Не было необходимости строить декорацию царского дворца – его представляла, по принципу «часть вместо целого», построенная из дерева и самана лестница с крыльцом (вольная вариация на тему одной из галерей храма в Коломенском). На фотографии натурной декорации видно, что крыльцо поднято высоко над землей и фигура царя будет естественно возвышаться над крестным ходом. Черкасов стоит слева, на его плечах шуба: это еще подготовка к съемке. Но на другом фото – рабочего момента съемки крыльца через фелони – видно, что в кадре Иван не в шубе, а в черной рубахе-рясе. Значит, Эйзенштейн сделал свой выбор в пользу остро-гротескного силуэта хищной птицы.

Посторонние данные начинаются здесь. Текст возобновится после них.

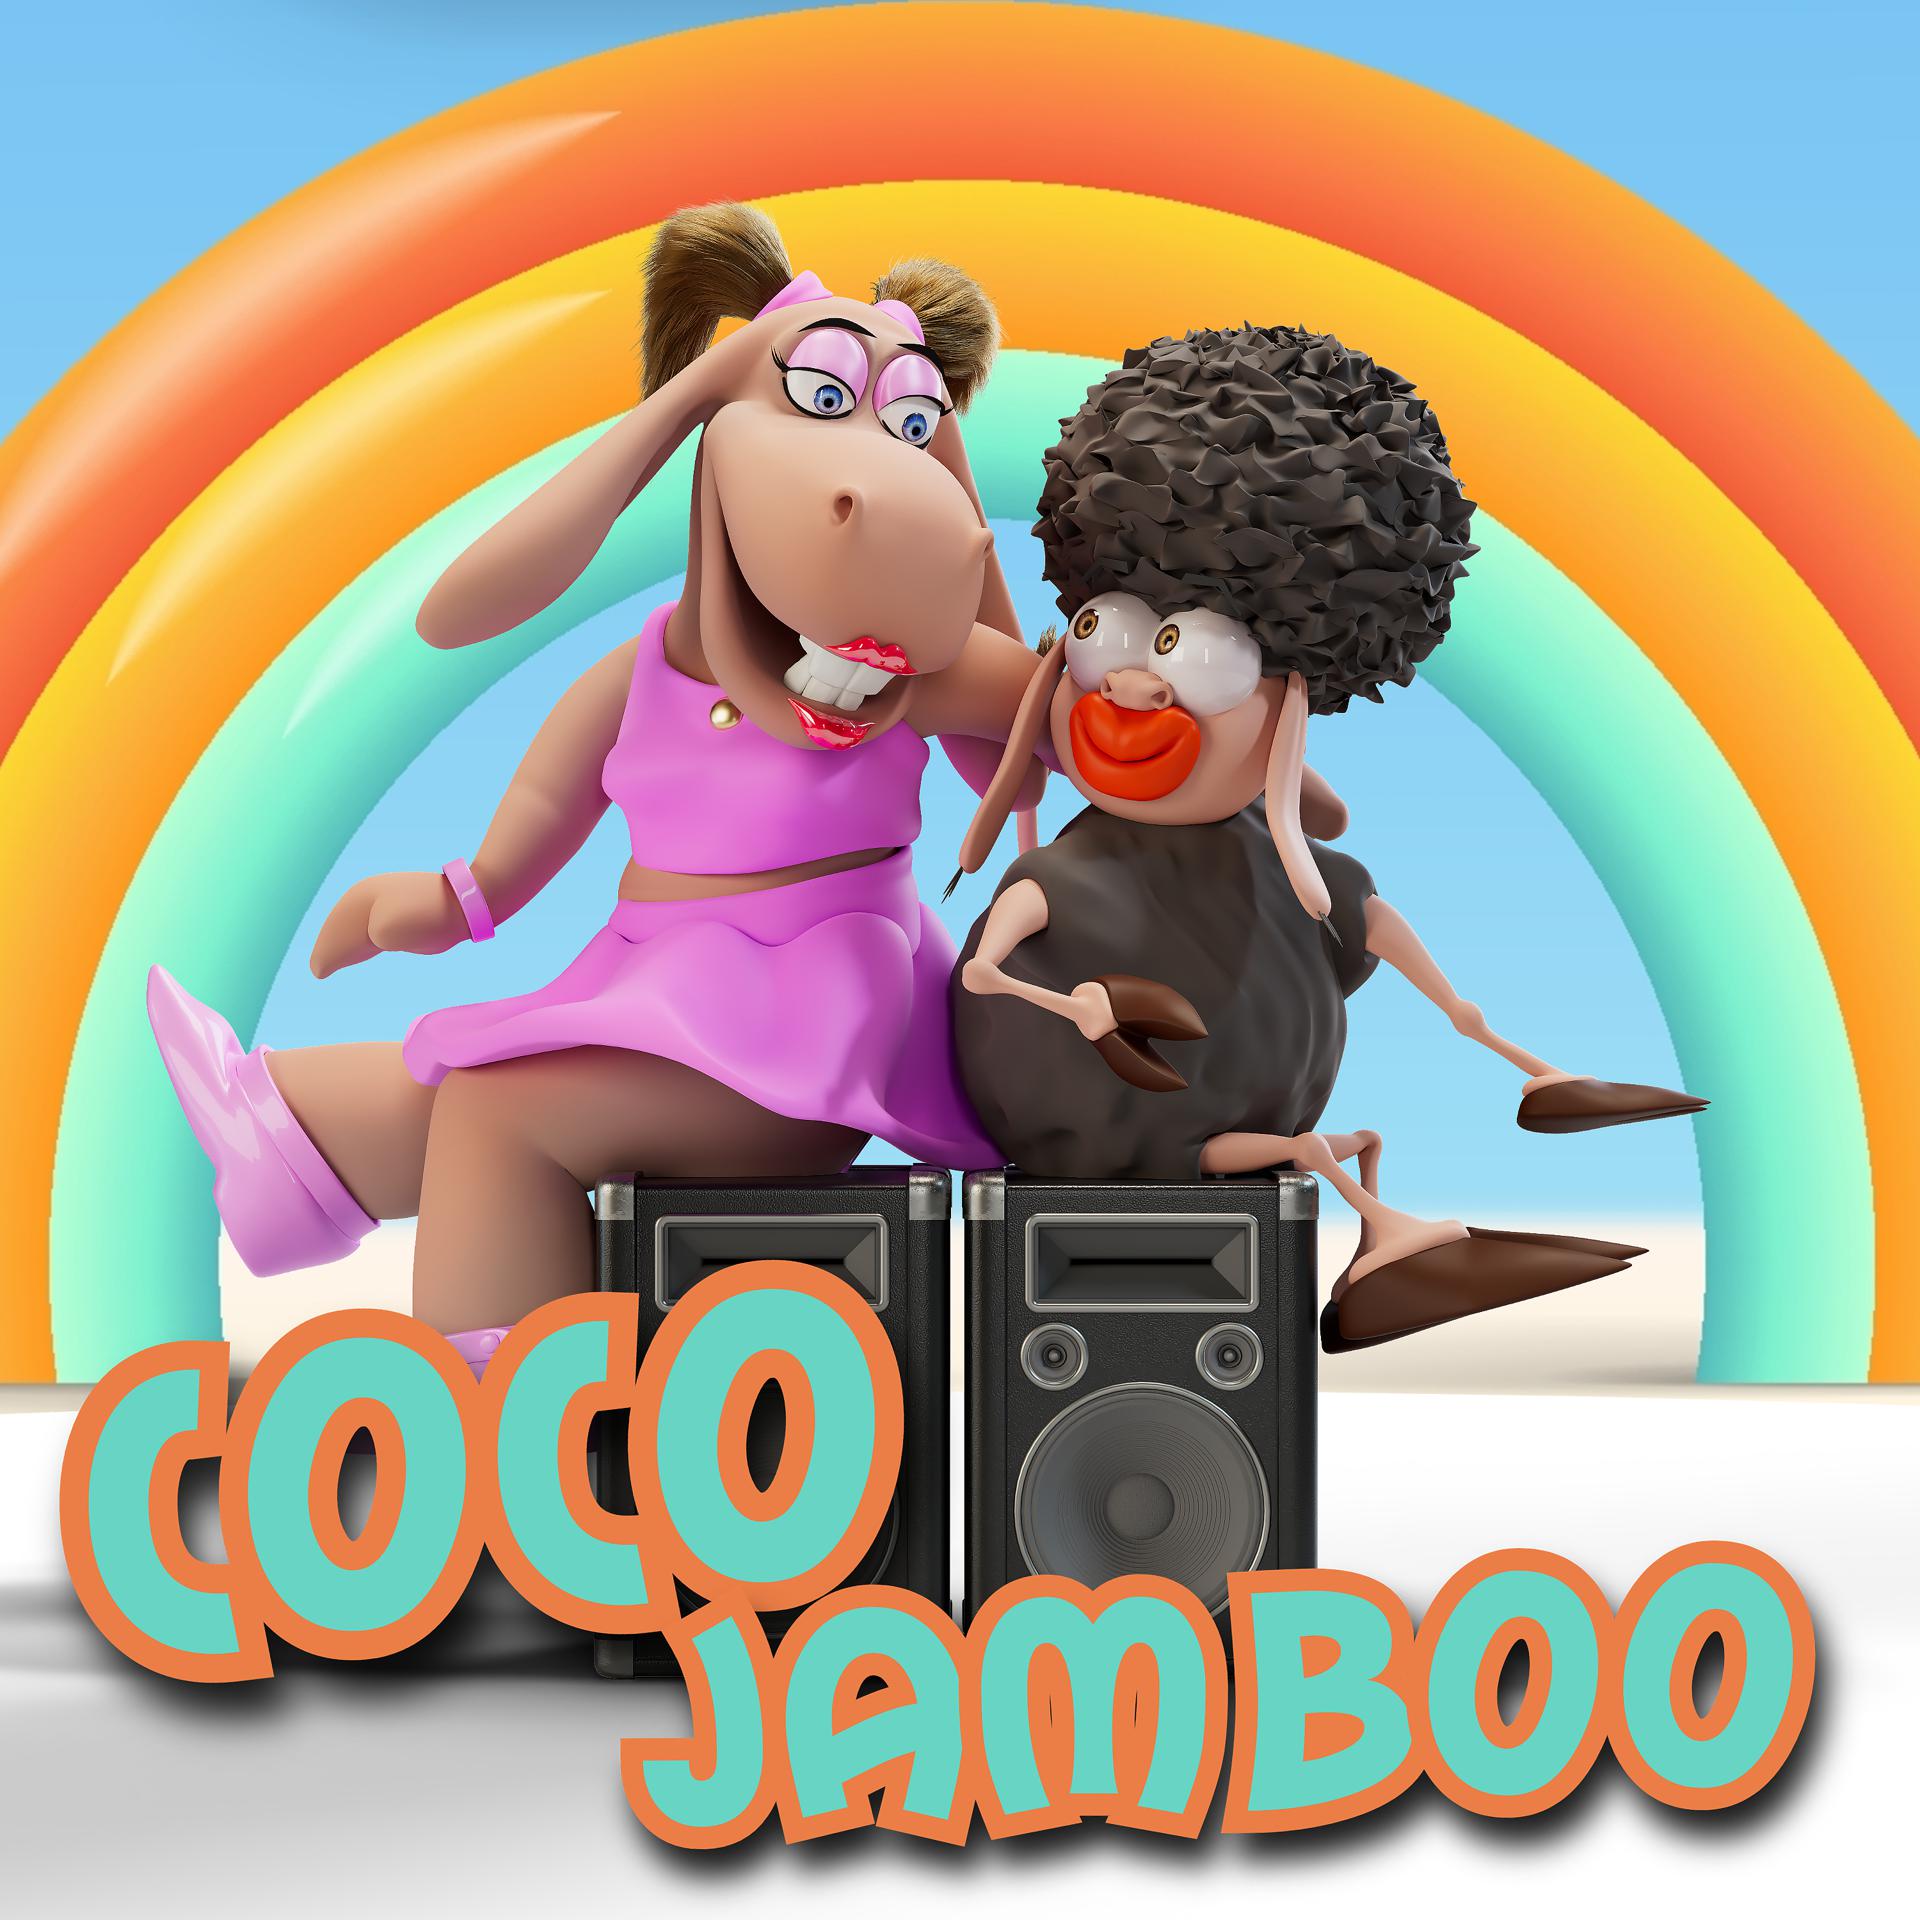 Постер альбома Coco Jamboo
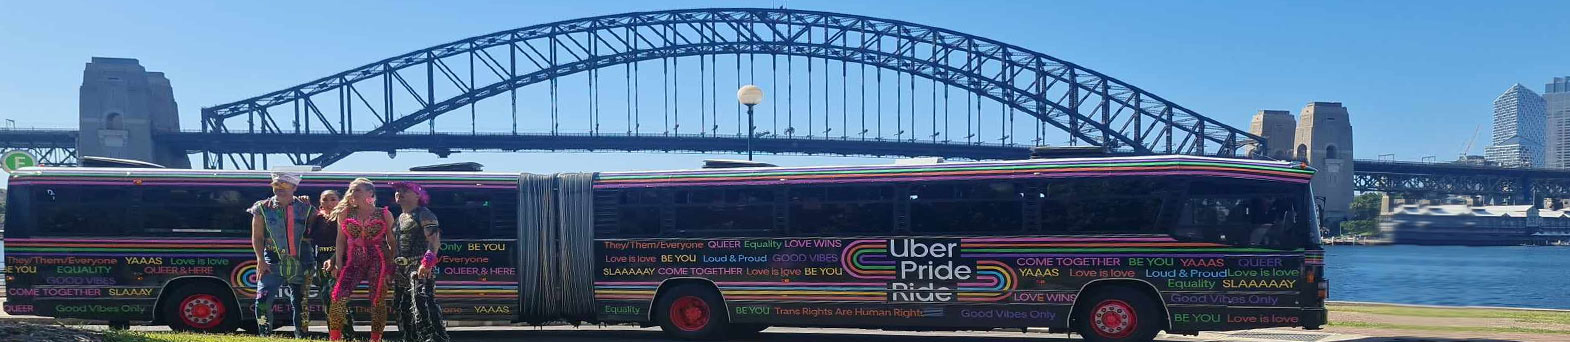 uber pride ride - sydney bus hire

Сохранившиеся срезки средних и крупных планов царя показывают, что Эйзенштейн действительно решил не делать во внешности царя резкого изменения, о котором пишут историки. Грим Черкасова приближен к его облику в эпизоде «У гроба Анастасии», только волосы парика и бороды стали длиннее. Зато черная рубаха немного, но знаменательно изменена: к тонкой вышивке вокруг шеи, которая была на ней в сцене траура, добавлены вышитые серебром узоры по вертикали и подолу, что не очень приличествует рясе. В противоречии с молитвенными четками и перстни, нанизанные на пальцы обеих рук.